I have a function that is actually a call to another program (some Fortran code). When I call this function ( run_moog ), I can run_moog 4 variables and return 6 values. These values ​​should be close to 0 (to minimize). However, I combined them like this: np.sum(results**2) . Now I have a scalar function. I would like to minimize this feature, i.e. Get np.sum(results**2) as close to zero as possible.
Note When this function ( run_moog ) takes 4 input parameters, it creates an input file for Fortran code, which depends on these parameters.
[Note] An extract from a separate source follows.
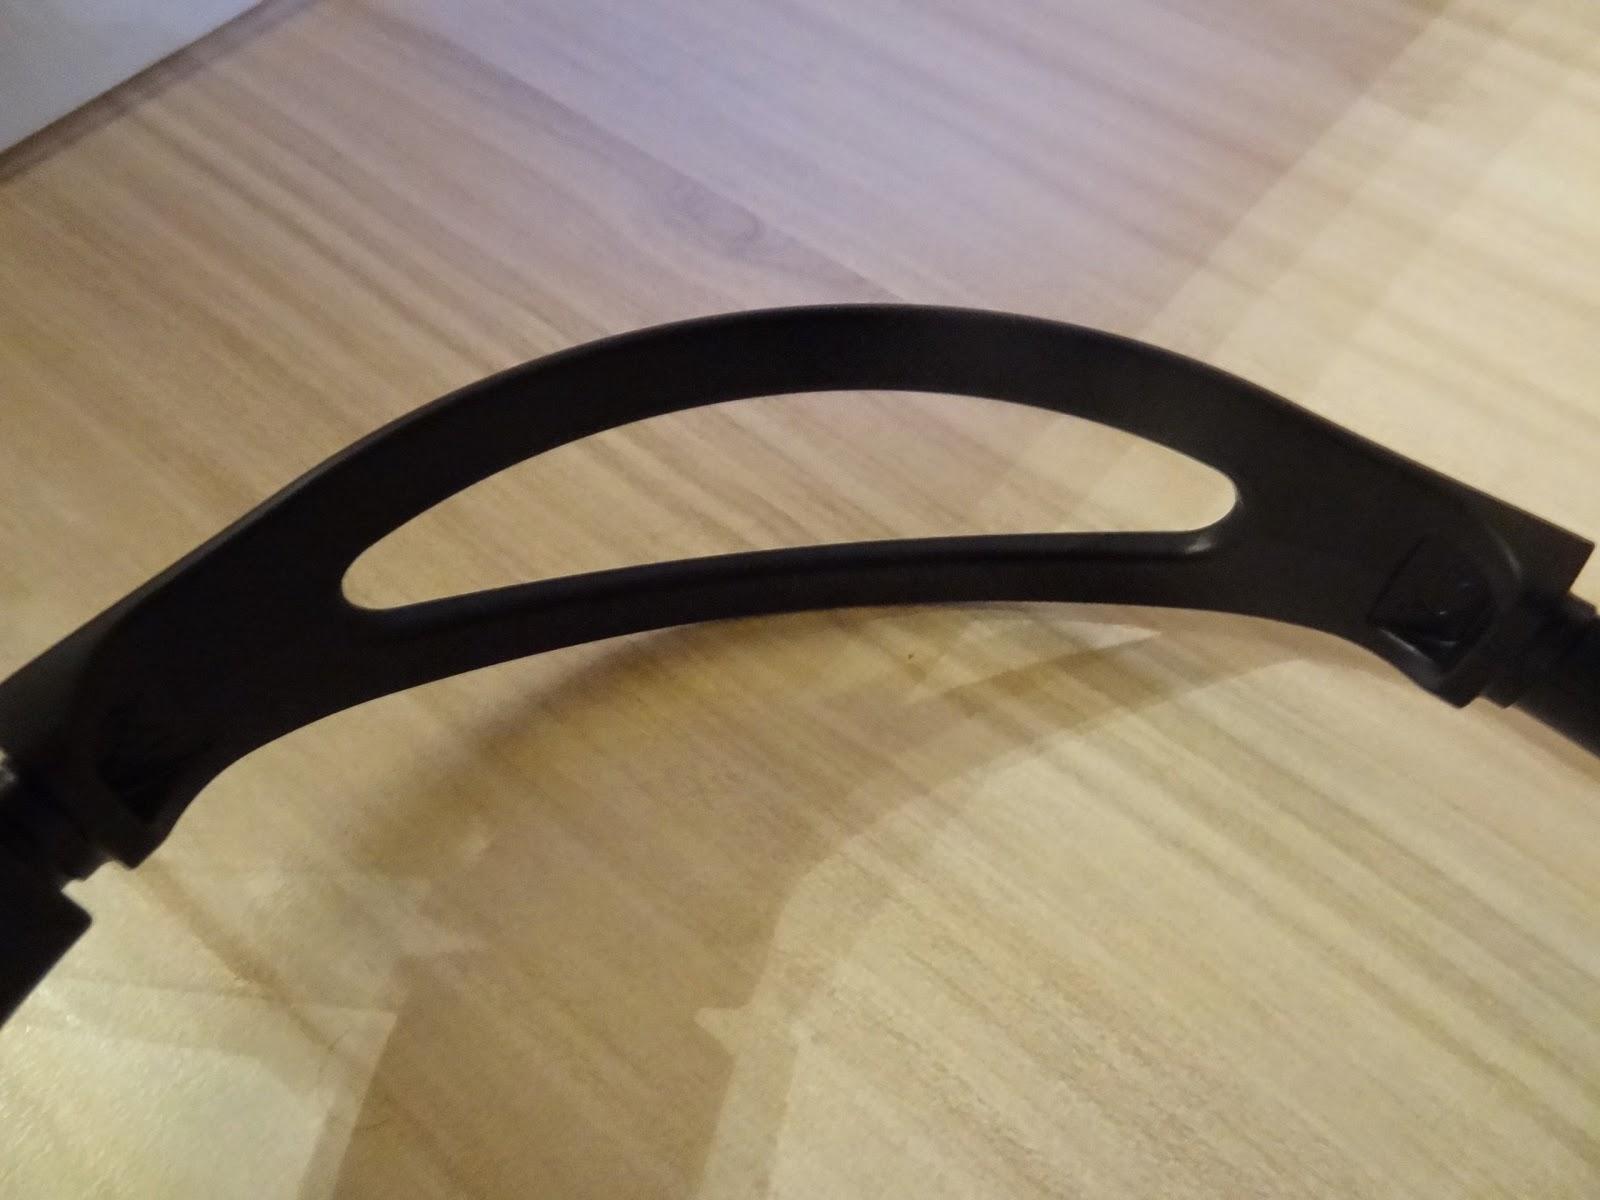 Sony MDR-XD150B headphones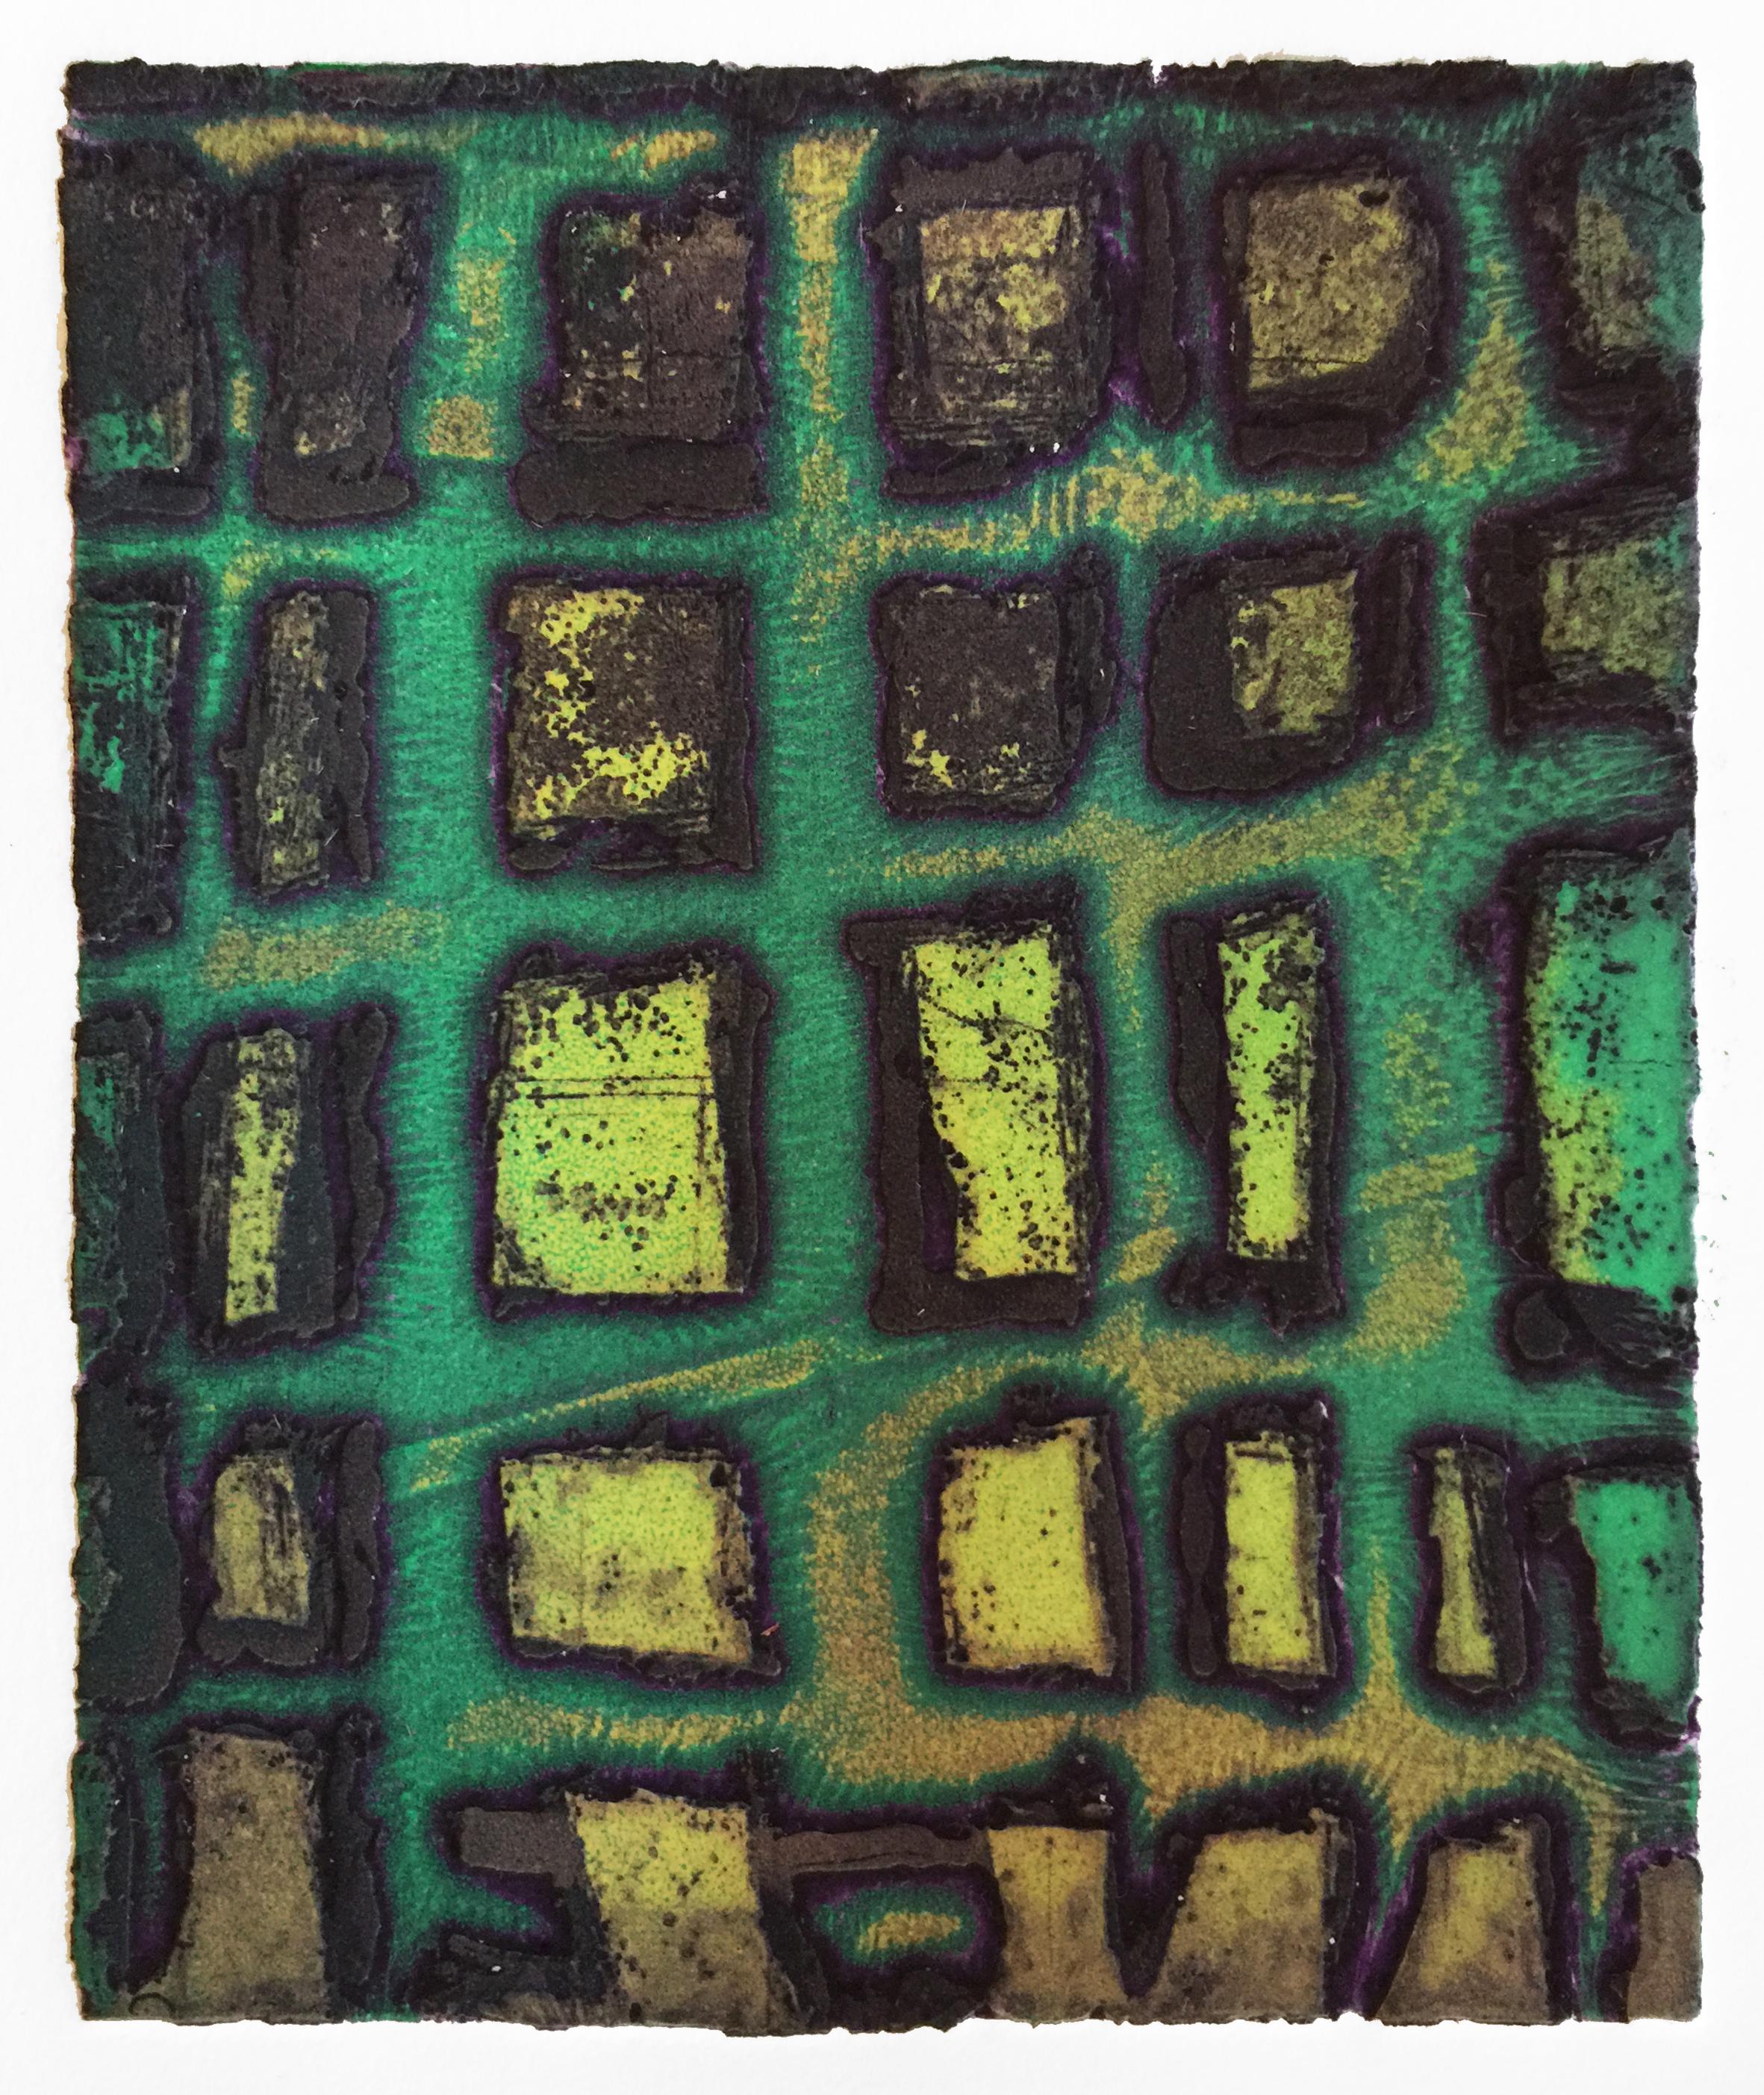 Green Weave (Night Spirits), 2018

I tried several ways to optimize this from scipy docs . But no one works as expected. Minimization should have restrictions on 4 variables. Here is an attempt:

 from scipy.optimize import minimize # Tried others as well from the docs x0 = 4435, 3.54, 0.13, 2.4 bounds = [(4000, 6000), (3.00, 4.50), (-0.1, 0.1), (0.0, None)] a = minimize(fun_mmog, x0, bounds=bounds, method='L-BFGS-B') # I've tried several different methods here print a 

It gives me

  status: 0 success: True nfev: 5 fun: 2.3194639999999964 x: array([ 4.43500000e+03, 3.54000000e+00, 1.00000000e-01, 2.40000000e+00]) message: 'CONVERGENCE: NORM_OF_PROJECTED_GRADIENT_<=_PGTOL' jac: array([ 0., 0., -54090399.99999981, 0.]) nit: 0 

The third parameter changes slightly, and the rest are exactly the same. There were also 5 function calls ( nfev ), but no iterations ( nit ). The output from scipy is shown here.

+8
python scipy mathematical-optimization minimization
source share
4 answers

A couple of features:

  • Try COBYLA. It should be derivative-free and support the limitations of inequality.
  • You cannot use different epsilons through the normal interface; so try scaling your first variable to 1e4. (Separate it by going over again.)
  • Skip the usual jacobian auto constructor and make your own:

Suppose you are trying to use SLSQP and you are not providing a jacobian function. That makes it for you. The code for it is in approx_jacobian in slsqp.py . Here's the condensed version:

 def approx_jacobian(x,func,epsilon,*args): x0 = asfarray(x) f0 = atleast_1d(func(*((x0,)+args))) jac = zeros([len(x0),len(f0)]) dx = zeros(len(x0)) for i in range(len(x0)): dx[i] = epsilon jac[i] = (func(*((x0+dx,)+args)) - f0)/epsilon dx[i] = 0.0 return jac.transpose() 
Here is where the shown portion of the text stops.